Update: See how the Pentagon is monitoring Tearfree's ratemyprofessors.com strategy
and check out Tearfree goes to Harvard.
11 comments:
Don't these kids (not yours - the other kids) have anything better to do like, for example, study?
Is this the same method that helped Jack win?
I am going there now to give you some chili peppers. Professor Tearfree, right?
I must confess, however, to having gone on ratemyprofessors and mentioned how one particularly notorious professor where I attended school was a relentless sexual harasser. Because it was true. A girl got a great mark from him if she didn't mind him rubbing his balls as he leaned back in his chair and told her how pretty she was. If a girl complained and spoke up, the marks weren't so great. I felt the world needed to know -- as did many of my classmates.
There are urban myths about people who still go on ratemyprofs every week to take revenge on professors they had decades ago before ratemyprofs even existed!
I had a teacher in high school who came from an "old" family and was vitually untouchable She was also sadistic and belonged in a room with soft walls. I could have used something like this (although I did succeed in getting her "retired" after my year with her).
Even back then I was mouthy but I directed it at the principal.
Back when I was in school we had a gym teacher who tied you up with skipping ropes. And a grade two teacher who banged heads together if she found two identical spelling tests or compositions. How times have changed!
I feel your pain, Tearfree. I'm a crew chief and I wouldn't like to see what some of the guys on my crew would write about me. It doesn't matter how you do your job, there are just some people who will never be happy.
My wife gets terrible performance reviews, but she deserves them.
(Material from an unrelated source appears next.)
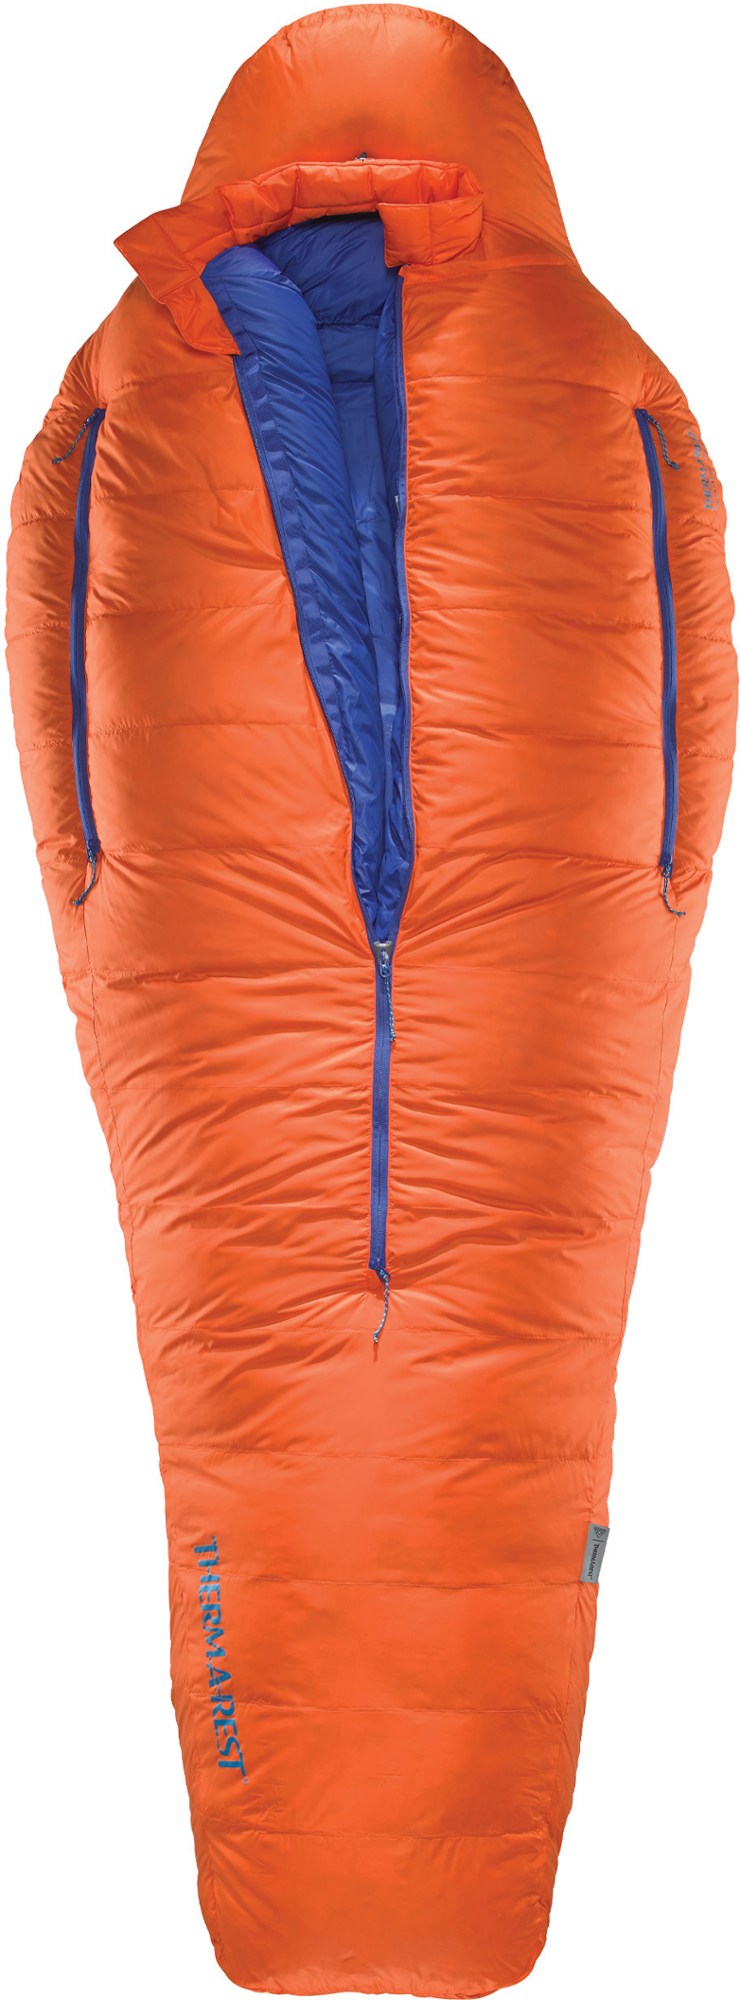 цена Спальный мешок Polar Ranger -20 Therm-a-Rest, оранжевый

I rated my horny professor years after I graduated. Because I had heard from girls leaving the same school that he was still doing the same thing. The funny thing is, this man is a household name in Canada, with a sweet-as-pie image. Oh how I long to say who it is, but wouldn't want Tearfree to get sued.
When a spiteful student left a totally ridiculous "review" of me on berateyourprofessors.com, I complained to their admin but got no response.
So, I took the same approach as Tearfree. I made up positive reviews for myself.
I would just like to give you the perspective of a student on this issue. I am a fourth year undergrad with a 4.0 GPA and I entirely schedule based on ratemyprof. Why? Because at first I ignored it, and guess what? I ended up with some of the most despicable and/or dreadfully incompetent professors my university has to offer. I had the professor who "didn't believe in A grades" (as if they were unicorns or leprechauns) and the English professor who barely spoke English herself. A friend of mine had a professor who didn't give back any of her assignments until the exam. While I know some students can be vindictive, they are usually really easy to spot and most other students learn to ignore those reviews as well as the reviews of first year students. However, I really appreciate having a resource that tells me if a professor is dry or unintelligible or yes, an incredibly hard marker. The professors I've had since I started using ratemyprof have been fantastic, challenging, and inspiring people. So maybe this isn't actually all about you. Maybe it's about trying to get into grad school or trying to actually learn something from a person who is intelligent, not entitled.